* _INFORMATION SUPPLIED_:
*** Begin section ***
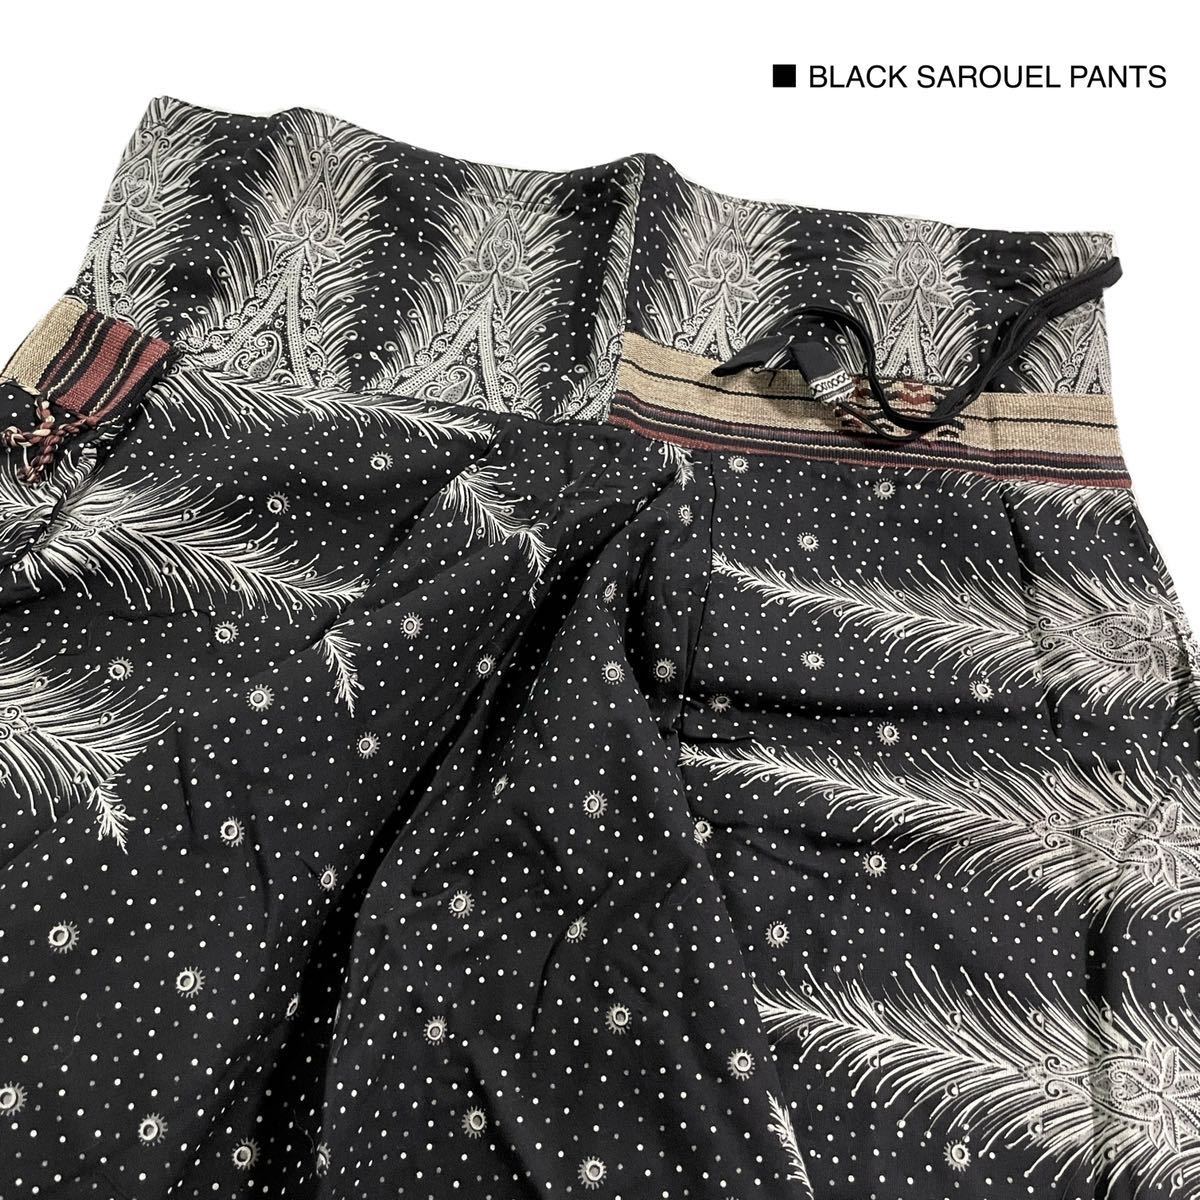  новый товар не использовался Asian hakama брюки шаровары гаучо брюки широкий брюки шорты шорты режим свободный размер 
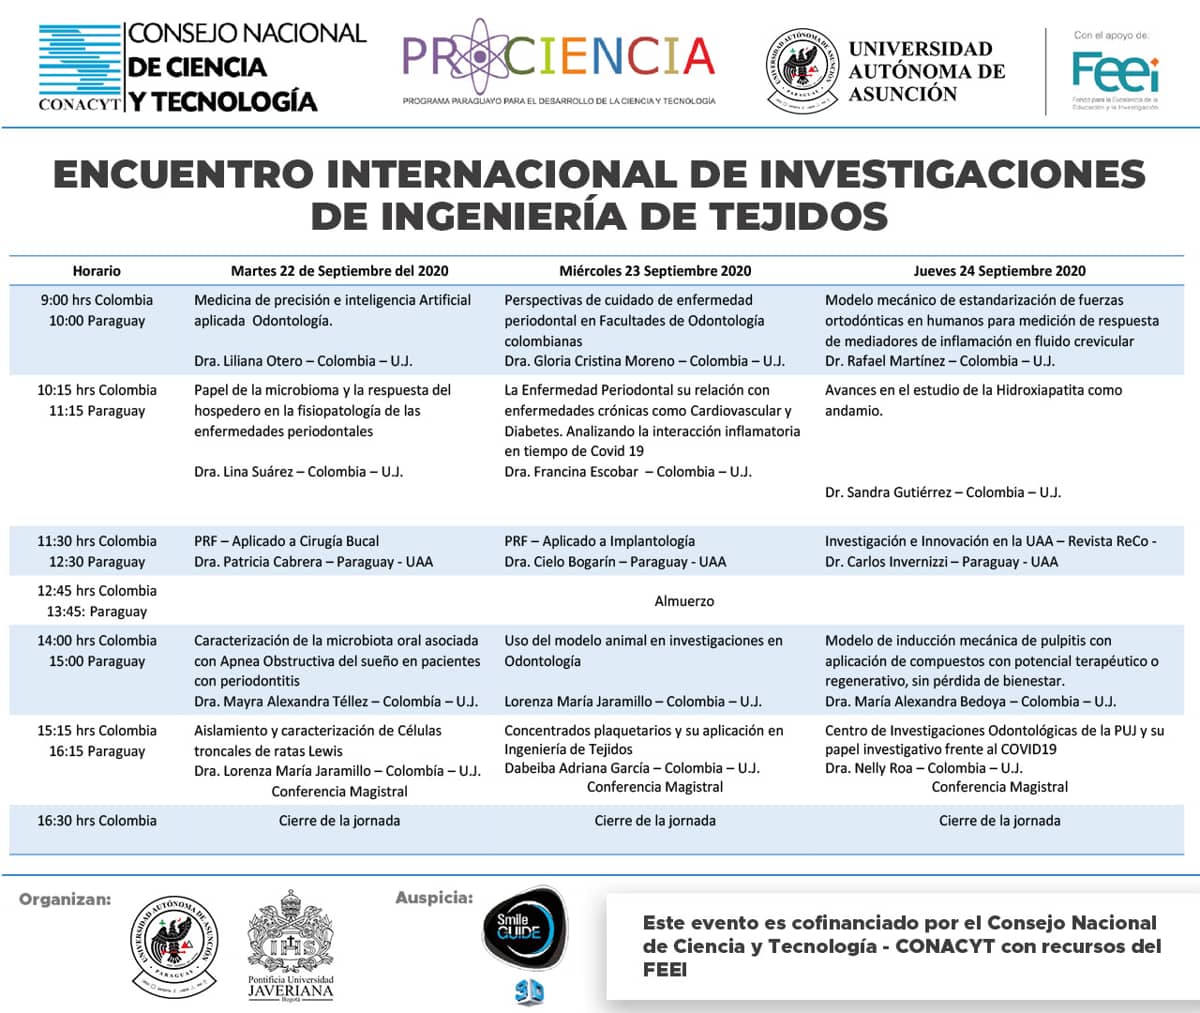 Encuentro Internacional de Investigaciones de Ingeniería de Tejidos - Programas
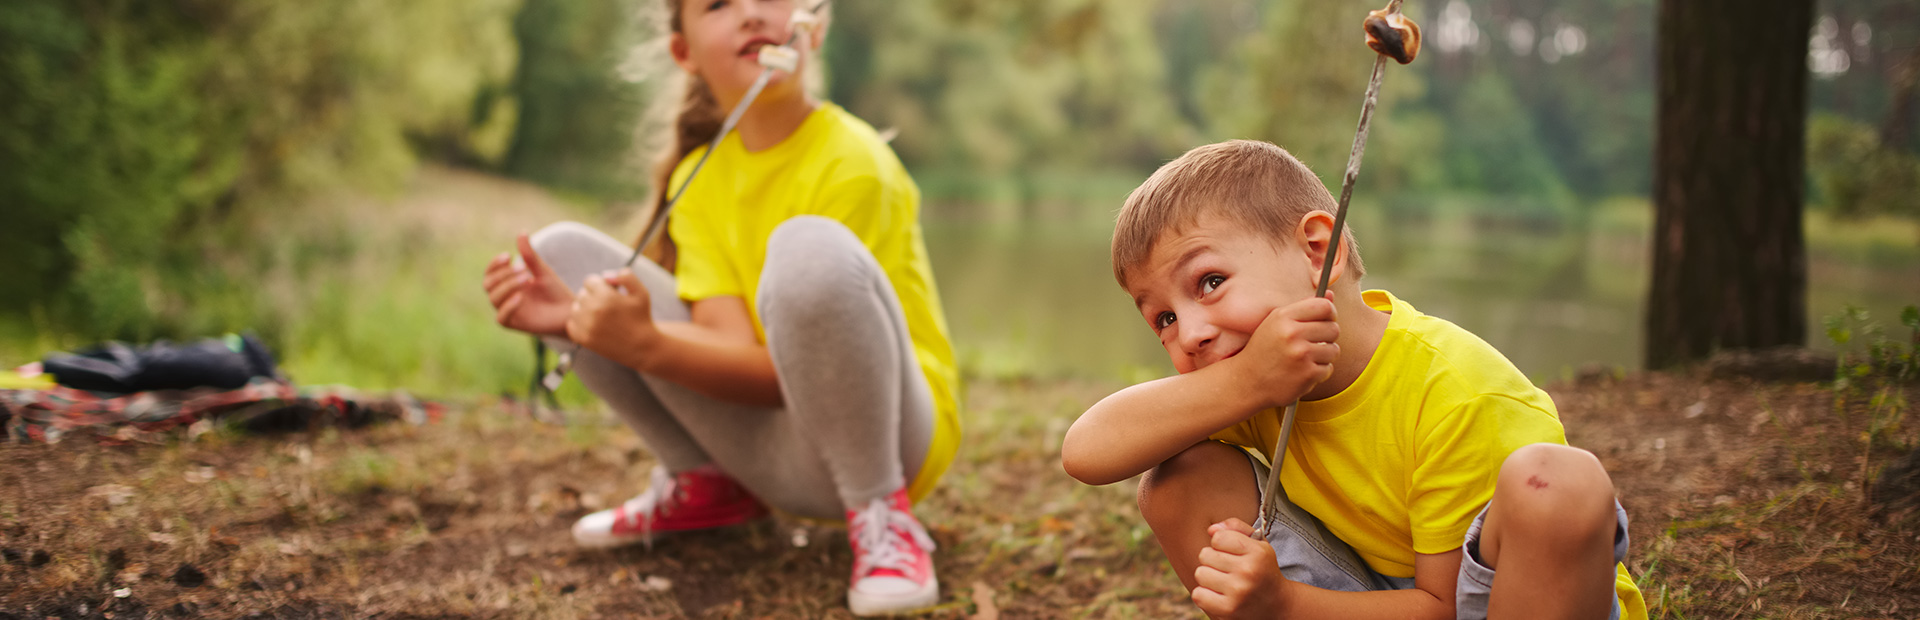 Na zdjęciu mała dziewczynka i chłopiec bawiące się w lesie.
*** End section ***
* _WORK INSTRUCTION_: With pictures omitted, reproduce exactly the lines from the line containing "Encuentro Internacional de" through the end of the data above.

* _RESULT OF THIS EXERCISE_:
 Encuentro Internacional de Investigaciones de Ingeniería de Tejidos - Programas
 Na zdjęciu mała dziewczynka i chłopiec bawiące się w lesie.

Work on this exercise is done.